Bioinformatics pipeline

Sequences from these studies were combined and run through the following bioinformatics pipeline:

  • geNomad, viralVerify, and CheckV were used to remove sequences from cellular organisms and plasmids, as necessary
  • CheckV was used to trim remaining bacterial DNA from virus ends, estimate completeness, and identify closed genomes. Sequences >10Kb or >50% complete were retained and classified as either complete, high-quality (>90% complete), medium-quality (50-90% complete), or low-quality (<50% complete)
  • BLASTN was used to calculate the average nucleotide identity between viruses using a custom script
  • DIAMOND was used to blast proteins between viral genomes. Pairwise alignments were used to calculate a genome-wide protein-based similarity metric.
  • MCL was used to cluster genomes into viral operational taxonomic units (vOTUs) at approximately the species, subgenus, genus, subfamily, and family-level ranks using a combination of genome-wide ANI for the species level and genome-wide proteomic similarity for higher ranks
  • A representative genome was selected for each species level vOTU based on: presence of terminal repeats, completeness, and ratio of viral:non-viral genes
  • ICTV taxonomy was inferred using a best-genome-hit approach to phage genomes from INPHARED and using taxon-specific marker genes from geNomad
  • CRISPR spacer matching and kmer matching with PHIST were used to connect viruses and host genomes. A voting procedure was used to then identify the host taxon at the lowest taxonomic rank comprising at least 70% of connections
  • HumGut genomes and MAGs from a Hadza hunter-gatherer population were used for host prediction and read mapping (HumGut contains all genomes from the UHGG v1.0 combined with NCBI genomes detected in gut metagenomes)
  • GTDB r207 and GTDB-tk were used to assign taxonomy to all prokaryotic genomes
  • BACPHLIP was used for prediction of phage lifestyle together with integrases from the PHROG database and prophage information from geNomad. Note: BACPHLIP tends to over classify viral genome fragments as lytic
  • Prodigal-gv was used to identify protein-coding genes and alternative genetic codes
  • eggNOG-mapper, PHROGs, KOfam, Pfam, UniRef_90, PADLOC, and the AcrCatalog were used for phage gene functional annotation
  • PhaNNs were used to infer phage structural genes
  • DGRscan was used to identify diversity-generating retroelements on viruses containing reverse transcriptases
  • Bowtie2 was used to align short reads from 1798 whole-metagenomes and 673 viral-enriched metagenomes against the UHGV and database of prokaryotic genomes. ViromeQC was used to select human gut viromes.
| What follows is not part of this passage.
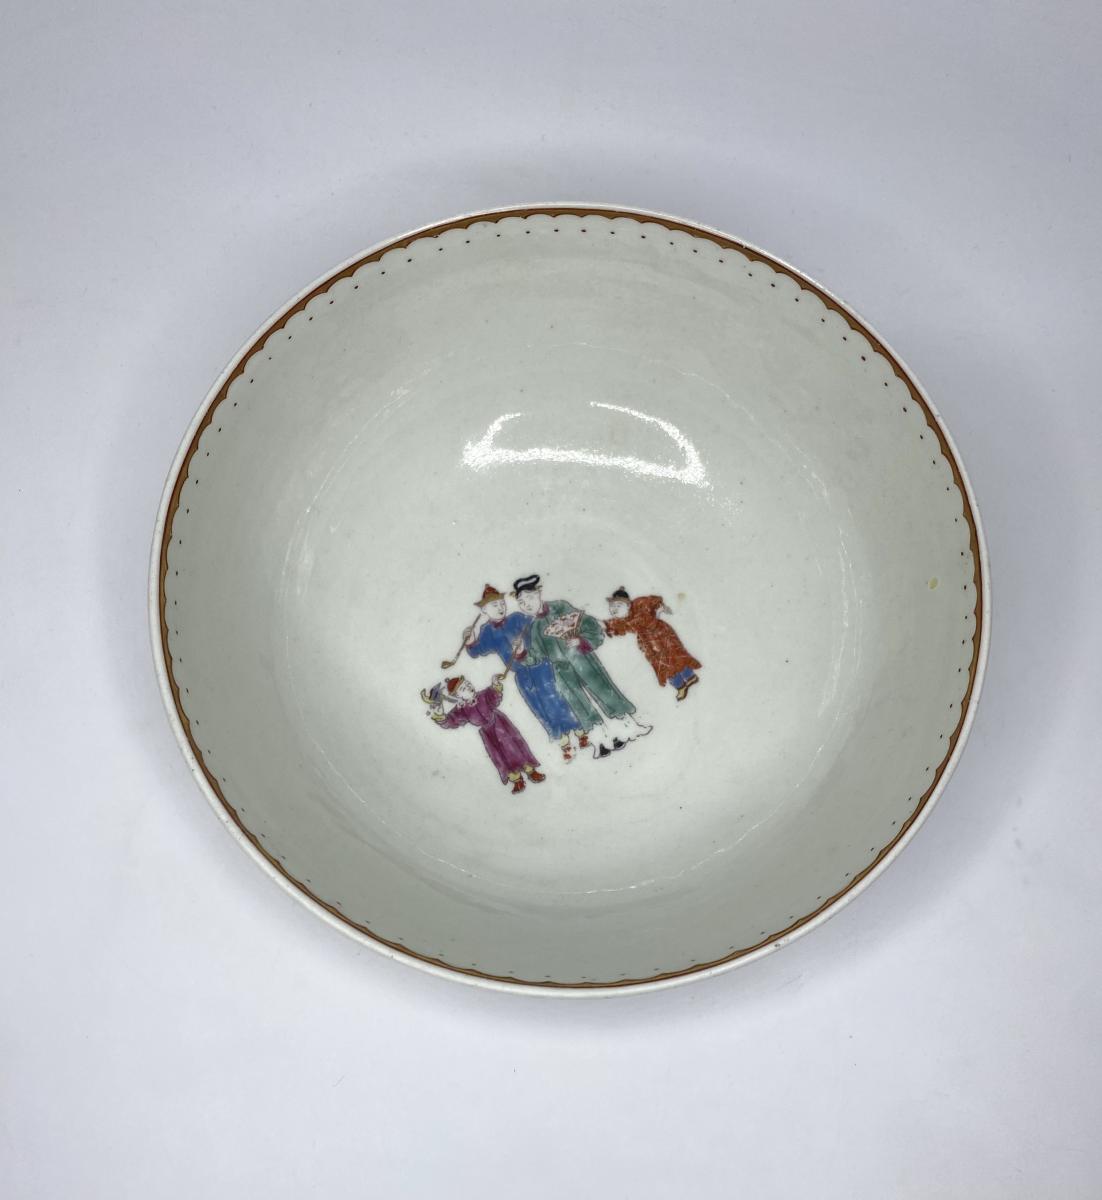 Worcester porcelain bowl ‘Monkey in a tree’ pattern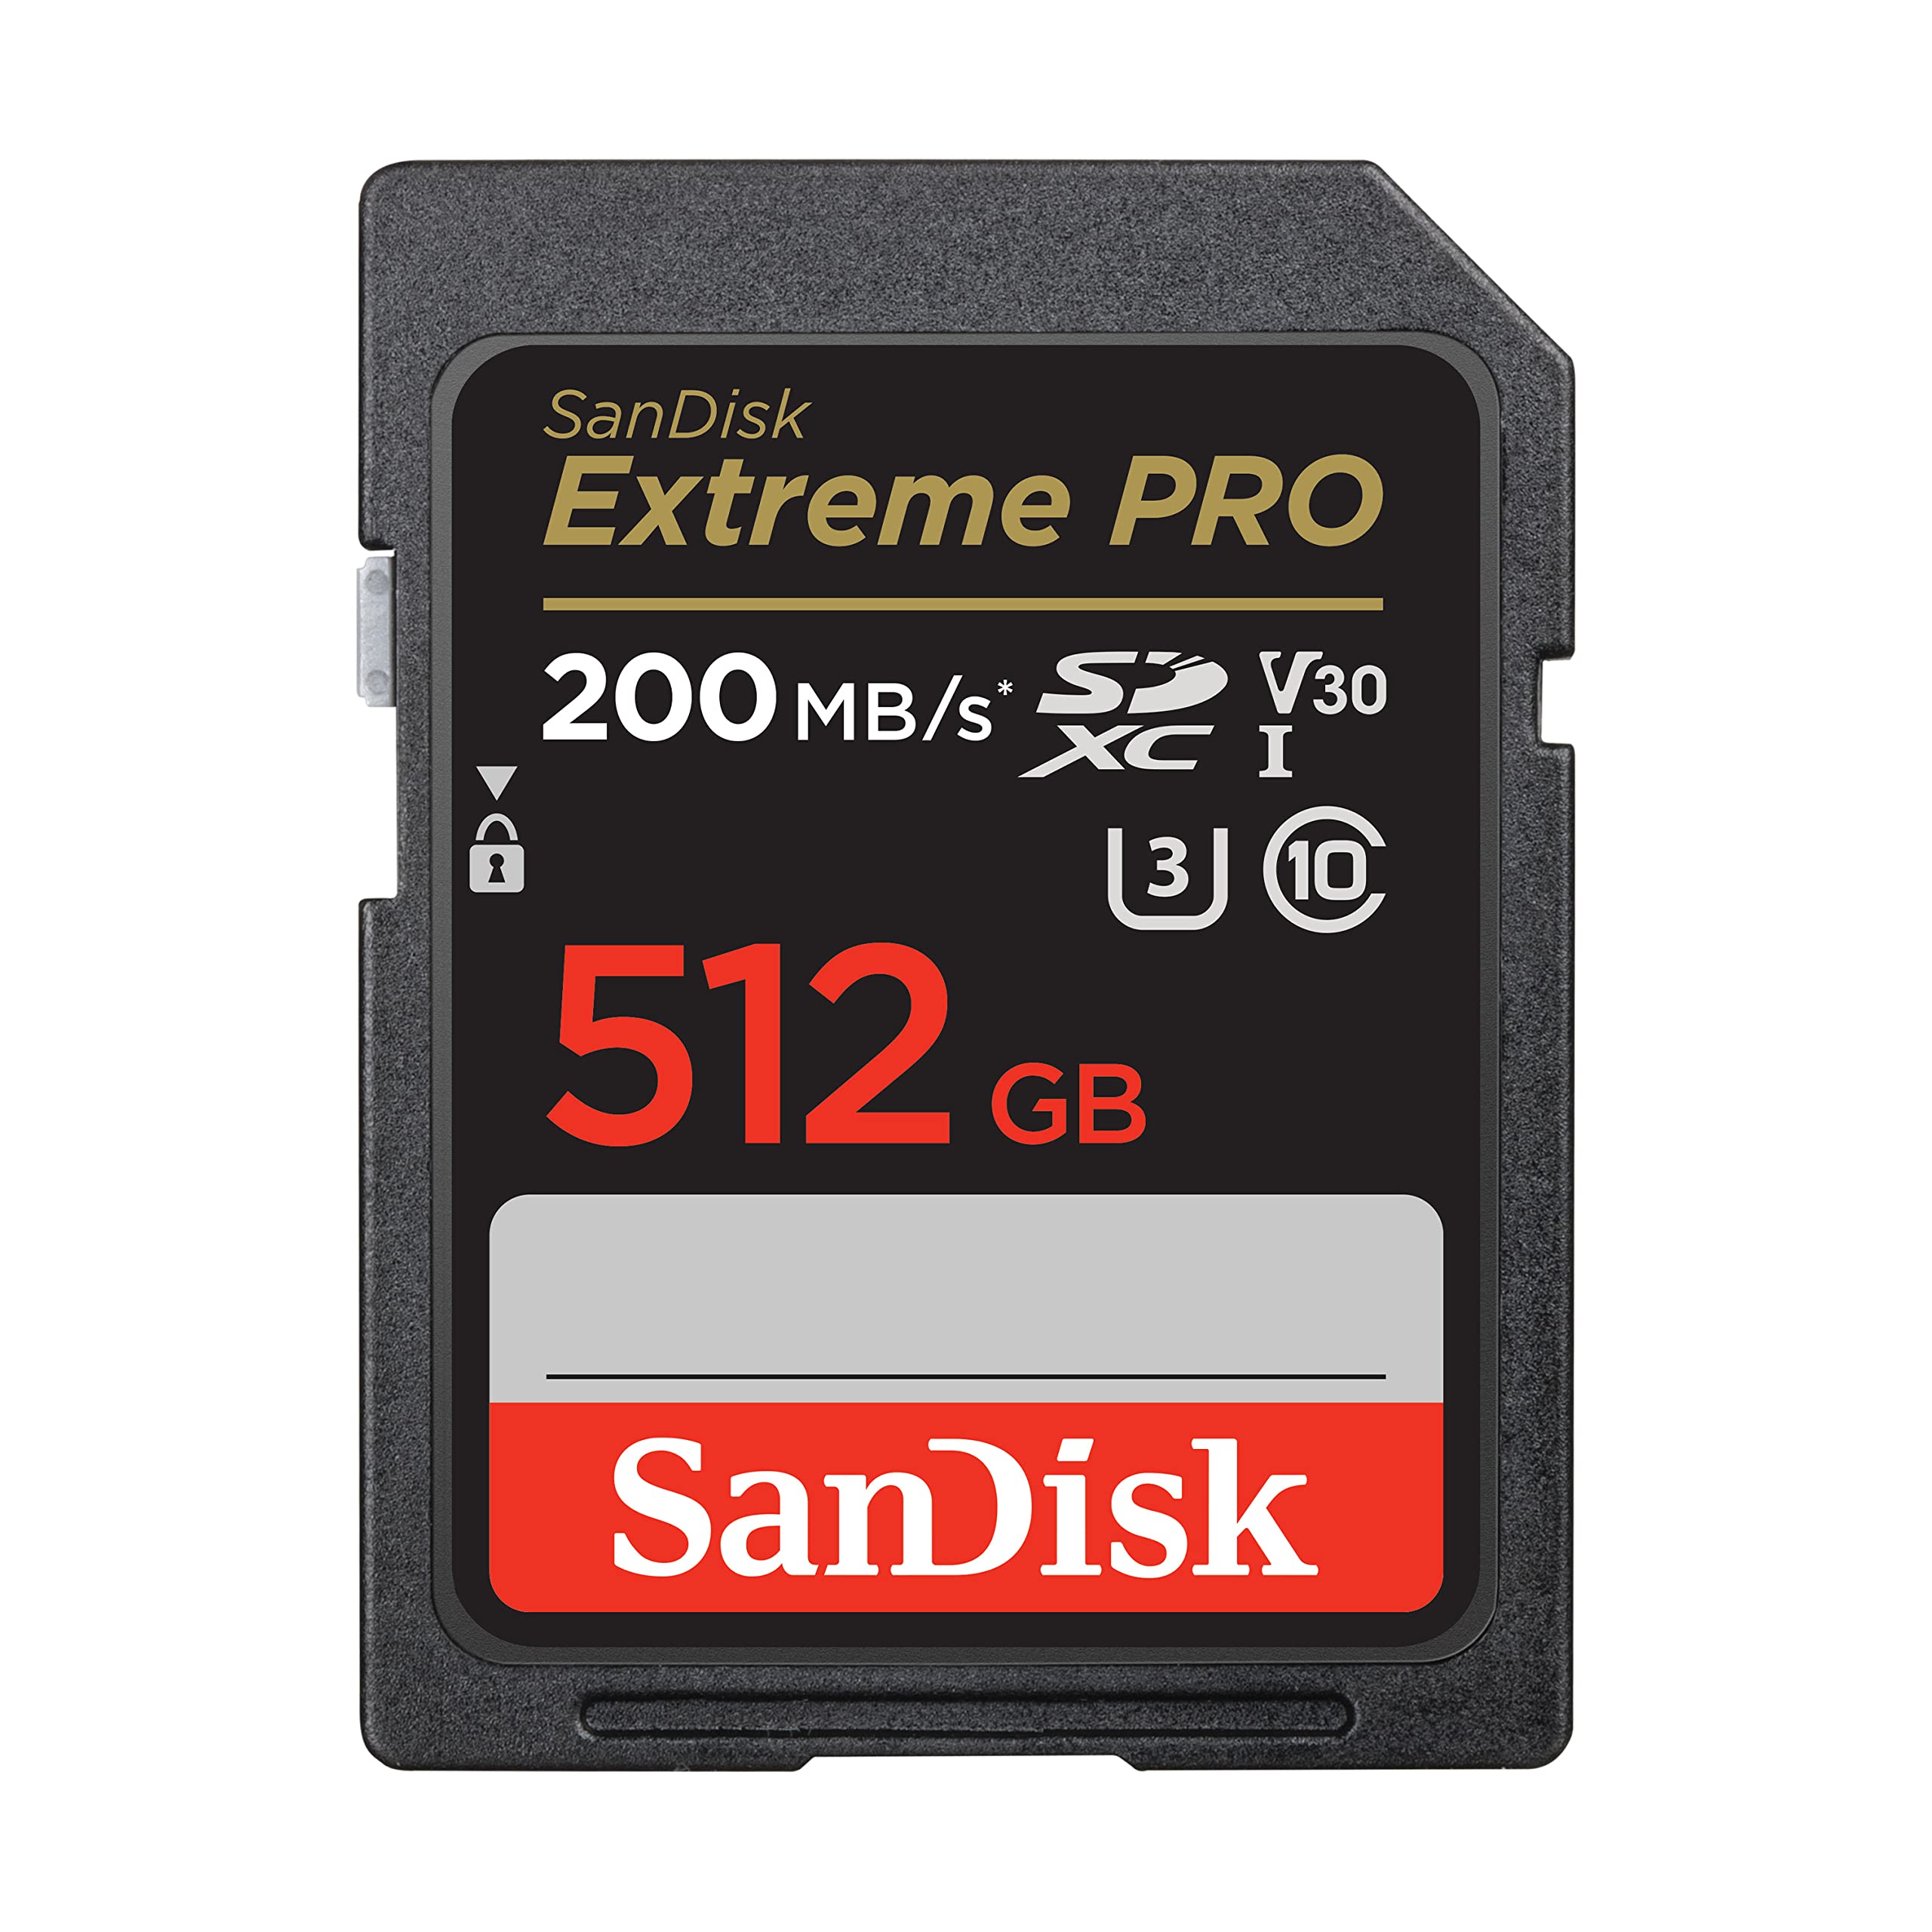 EXTREME PRO 512GB SDXC MEMORY

CoverM was used to estimate the breadth of coverage and we applied a 50% threshold for classifying virus presence-absence

For additional details, please refer to our manuscript: (in preparation).

Data availability

The entire resource is freely available at: https://portal.nersc.gov/UHGV

We provide genomes for three quality tiers:

  • Full: >50% complete or >10Kbp, high-confidence & uncertain viral predictions
  • Medium-quality: >50% complete, high-confidence viral predictions
  • High-quality : >90% complete, high-confidence viral predictions

Additionally, we provide data for:

  • vOTU representatives
  • All genomes in each vOTU

Recommended files

For most analyses, we recommend using these files:

All available files:

  • metadata/

    • uhgv_full_metadata.tsv : detailed information on each of the 874,104 UHGV genome sequences
    • votus_full_metadata.tsv : detailed information on each of the 168,570 species level viral clusters
    • votus_metadata_extended.tsv: additional information on each vOTU
    • host_metadata.tsv : taxonomy and other info for prokaroytic genomes (completeness, contamination, n50)
  • genome_catalogs/

    • uhgv_full.[fna|faa].gz : sequences for all genomes >10kb or >50% completeness
    • uhgv_mq_plus.[fna|faa].gz : sequences for all genomes with >50% completeness
    • uhgv_hq_plus.[fna|faa].gz : sequences for all genomes with >90% completeness
    • votus_full.[fna|faa].gz : sequences for for vOTU representatives >10kb or >50% completeness
    • votus_mq_plus.[fna|faa].gz : sequences for for vOTU representatives with >50% completeness
    • votus_hq_plus.[fna|faa].gz : sequences for vOTU representatives with >90% completeness
  • votu_reps/

    • [genome_id].fna : DNA sequence FASTA file of the genome assembly of the species representative
    • [genome_id].faa : protein sequence FASTA file of the species representative
    • [genome_id].gff : genome GFF file with various sequence annotations
    • [genome_id]_emapper.tsv : eggNOG-mapper annotations of the protein-coding sequences
    • [genome_id]_annotations.tsv : tab-delimited file containing diverse protein-coding annotations (PHROG, Pfam, UniRef90, eggNOG-mapper, PhANNs, KEGG)
  • host_predictions/

    • crispr_spacers.fna : 5,318,089 CRISPR spacers from UHGG (3,143,456), NCBI (1,568,807), and Hadza genomes (605,826)
    • host_genomes_info.tsv : GTDB r207 taxonomy for genomes from the UHGG (286,387), NCBI (123,500), and Hadza genomes (54,779)
    • host_assignment_crispr.tsv : detailed information for host prediction with CRISPR spacers
    • host_assignment_kmers.tsv : detailed information for host prediction with PHIST kmer matching
  • annotations/

    • functional annotation matrices: vOTUs x functions (PHROG, Pfam, KOfam, PADLOC)
  • read_mapping/

    • metagenomes_prok_vir_counts_matrix.tsv.gz : coverM mapping statistics for viruses and bacteria across bulk metagenomes

    • viromes_prok_vir_counts_matrix.tsv.gz : coverM mapping statistics for viruses and bacteria across viral-enriched metagenomes

    • sample_metadata.tsv: human sample metadata (country, lifestyle, age, gender, bmi, study)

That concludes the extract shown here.